[Intel-gfx] [CI 1/2] iosys-map: Add per-word read
Lucas De Marchi
lucas.demarchi at intel.com
Mon Jul 4 17:14:52 UTC 2022
On Mon, Jul 04, 2022 at 08:30:08AM +0200, Christian König wrote:
>Am 28.06.22 um 00:47 schrieb Lucas De Marchi:
>>Instead of always falling back to memcpy_fromio() for any size, prefer
>>using read{b,w,l}(). When reading struct members it's common to read
>>individual integer variables individually. Going through memcpy_fromio()

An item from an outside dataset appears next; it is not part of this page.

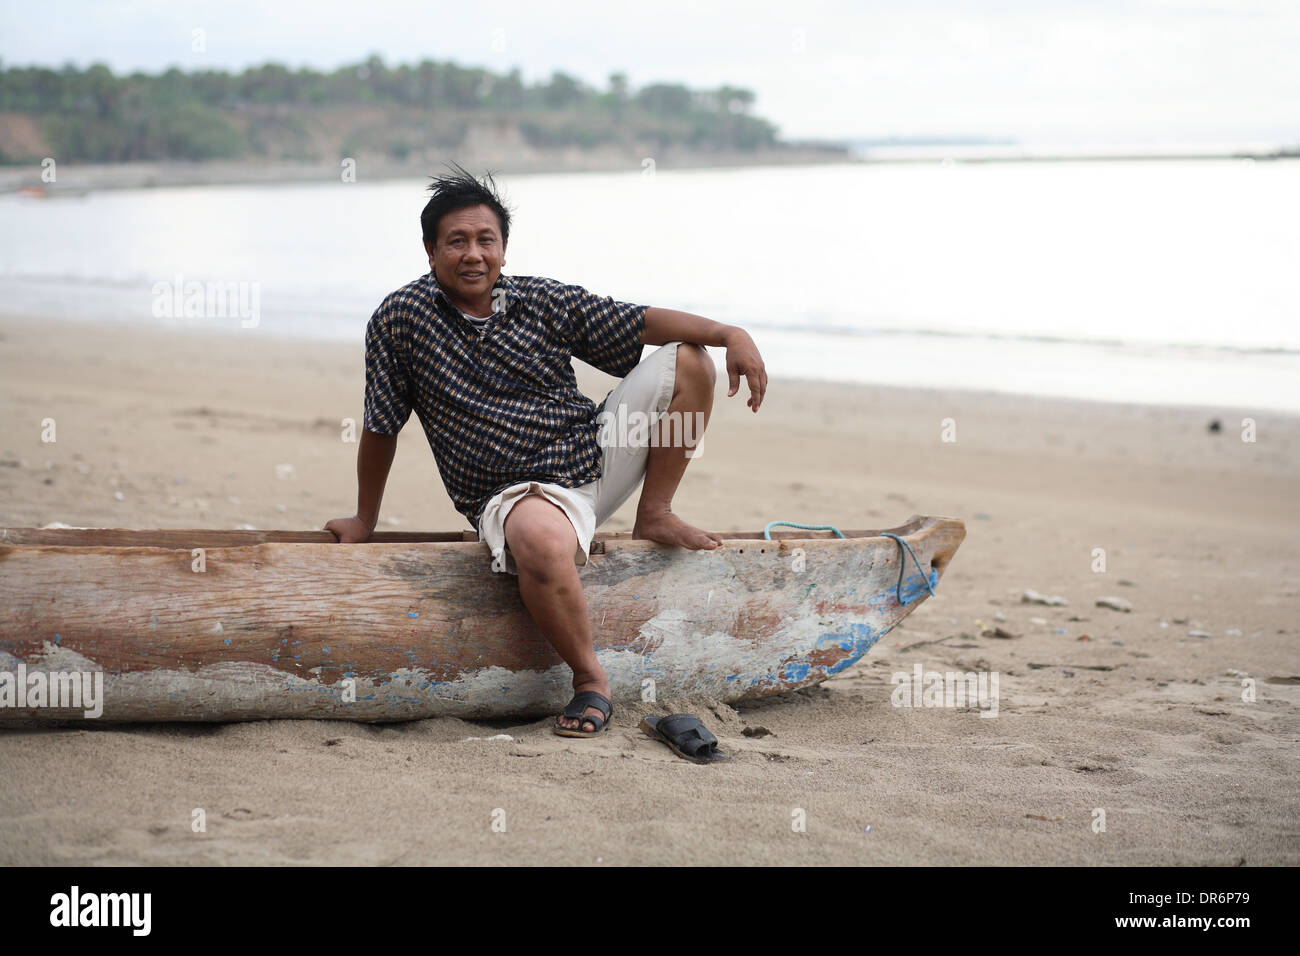 Man sitting on a canoe on the beach of Kupang, West Timor, Indonesia. Nov 2005 Stock Photo

>>for each of them poses a high penalty.
>>
>>Employ a similar trick as __seqprop() by using _Generic() to generate
>>only the specific call based on a type-compatible variable.
>>
>>For a pariticular i915 workload producing GPU context switches,
>>__get_engine_usage_record() is particularly hot since the engine usage
>>is read from device local memory with dgfx, possibly multiple times
>>since it's racy. Test execution time for this test shows a ~12.5%
>>improvement with DG2:
>>
>>Before:
>> nrepeats = 1000; min = 7.63243e+06; max = 1.01817e+07;
>> median = 9.52548e+06; var = 526149;
>>After:
>> nrepeats = 1000; min = 7.03402e+06; max = 8.8832e+06;
>> median = 8.33955e+06; var = 333113;
>>
>>Other things attempted that didn't prove very useful:
>>1) Change the _Generic() on x86 to just dereference the memory address
>>2) Change __get_engine_usage_record() to do just 1 read per loop,
>> comparing with the previous value read
>>3) Change __get_engine_usage_record() to access the fields directly as it
>> was before the conversion to iosys-map
>>
>>(3) did gave a small improvement (~3%), but doesn't seem to scale well
>>to other similar cases in the driver.
>>
>>Additional test by Chris Wilson using gem_create from igt with some
>>changes to track object creation time. This happens to accidentally
>>stress this code path:
>>
>> Pre iosys_map conversion of engine busyness:
>> lmem0: Creating 262144 4KiB objects took 59274.2ms
>>
>> Unpatched:
>> lmem0: Creating 262144 4KiB objects took 108830.2ms
>>
>> With readl (this patch):
>> lmem0: Creating 262144 4KiB objects took 61348.6ms
>>
>> s/readl/READ_ONCE/
>> lmem0: Creating 262144 4KiB objects took 61333.2ms
>>
>>So we do take a little bit more time than before the conversion, but
>>that is due to other factors: bringing the READ_ONCE back would be as
>>good as just doing this conversion.
>>
>>v2:
>>- Remove default from _Generic() - callers wanting to read more
>> than u64 should use iosys_map_memcpy_from()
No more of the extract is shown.